Updated by denofevil (Dennis Ushakov) over 9 years ago

I was not able to achieve 4x on a simple benchmark, but the difference is quite big:

require 'benchmark'

N = 10000
RECURSION = 1000

def recurse(i)
	recurse(i - 1) if i > 0
end

TracePoint.new(:call, :return, :c_call, :c_return, :line){|tp|
	tp.lineno
}.enable

puts Benchmark.measure { N.times { recurse(RECURSION) } }

Results are:

2.1.2 - 14.000000   0.070000  14.070000 ( 14.640882)
2.1.5 - 16.980000   0.030000  17.010000 ( 17.294063)

Results without tracepoint:

2.1.2 - 0.810000   0.000000   0.810000 (  0.890800)
2.1.5 - 0.830000   0.000000   0.830000 (  0.855288)

(almost no difference between versions)

Updated by os97673 (Oleg Sukhodolsky) over 9 years ago

I've tried the simple benchmark with 2.1.3 I've built myself and results are:
9.420000 0.010000 9.430000 ( 9.449823)
Than I've removed for #9940, rebuilt 2.1.3 and results are
8.200000 0.030000 8.230000 ( 8.265794)

Updated by ko1 (Koichi Sasada) over 9 years ago

ruby 2.2.0dev (2014-11-17 trunk 48465) [i386-mswin32_110]
 21.466000   0.000000  21.466000 ( 21.572857)

ruby 2.0.0p402 (2014-02-11 revision 44911) [i386-mswin32_110]
 13.634000   0.000000  13.634000 ( 13.737744)

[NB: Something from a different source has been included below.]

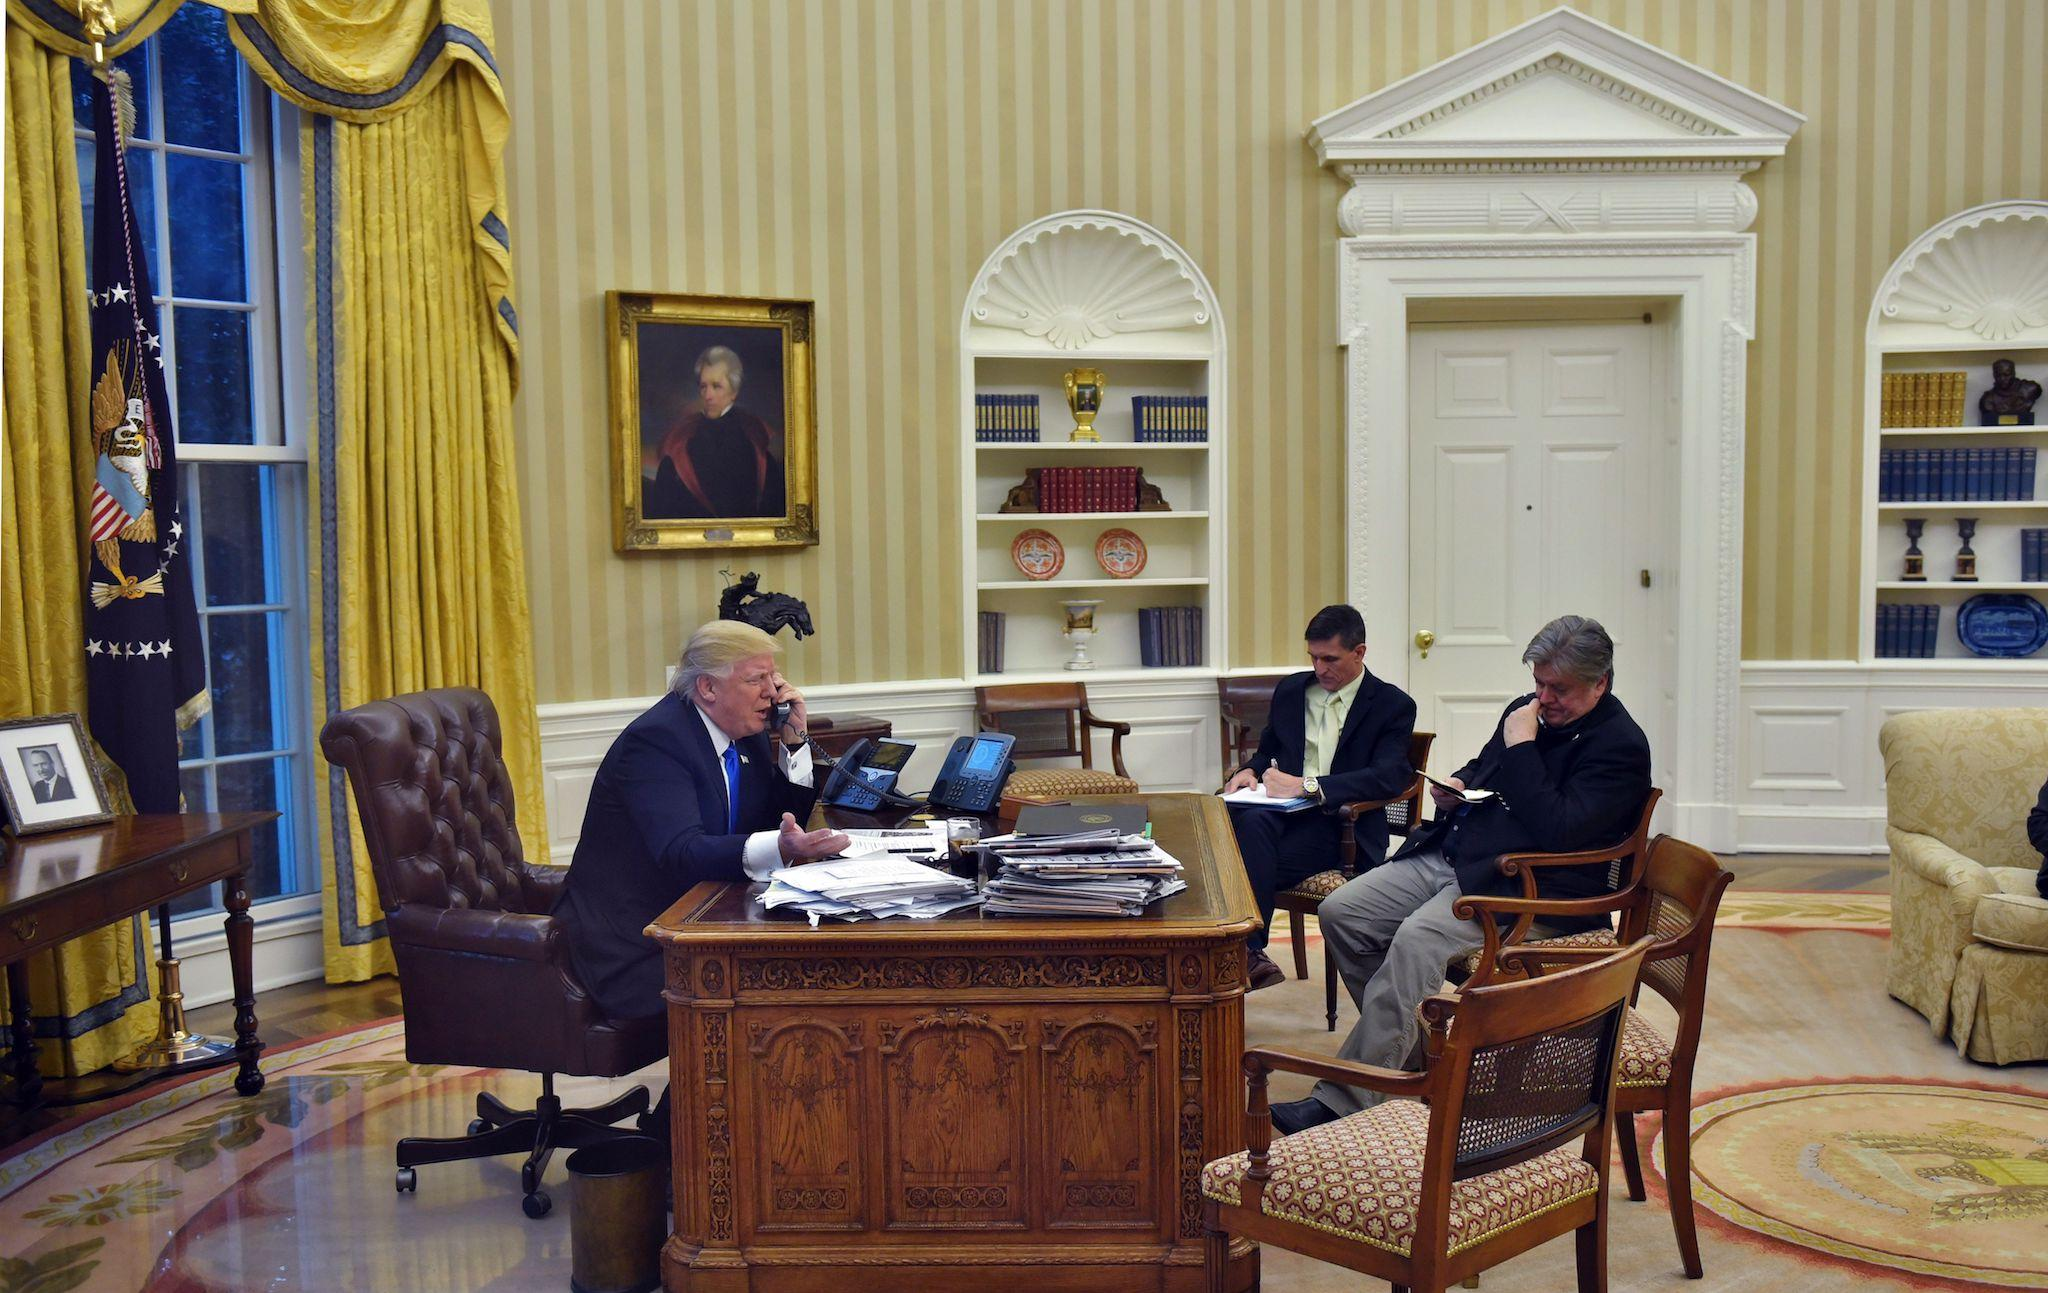 Donald Trump S Closest Advisor Steve Bannon Thinks There

I try on my laptop. hmm...

Updated by ko1 (Koichi Sasada) over 9 years ago

  • Assignee set to ko1 (Koichi Sasada)
  • Target version set to 2.2.0

Updated by ko1 (Koichi Sasada) over 9 years ago

  • Status changed from Open to Closed
  • % Done changed from 0 to 100

Applied in changeset r48596.


  • vm_core.h: add rb_thread_t::local_storage_recursive_hash
    to speed up Thread#[:recursive_key] access.
    [Bug #10511]
  • thread.c (threadptr_local_aref): add fast path for
    :recursive_data.
  • thread.c (threadptr_recursive_hash, threadptr_recursive_hash_set):
    add special accessor for recursive hash.
  • cont.c: store/restore local_storage_recursive_hash.
  • vm.c: init and mark local_storage_recursive_hash.
  • vm_trace.c (rb_threadptr_exec_event_hooks_orig): clear and restore
    local_storage_recursive_hash directly.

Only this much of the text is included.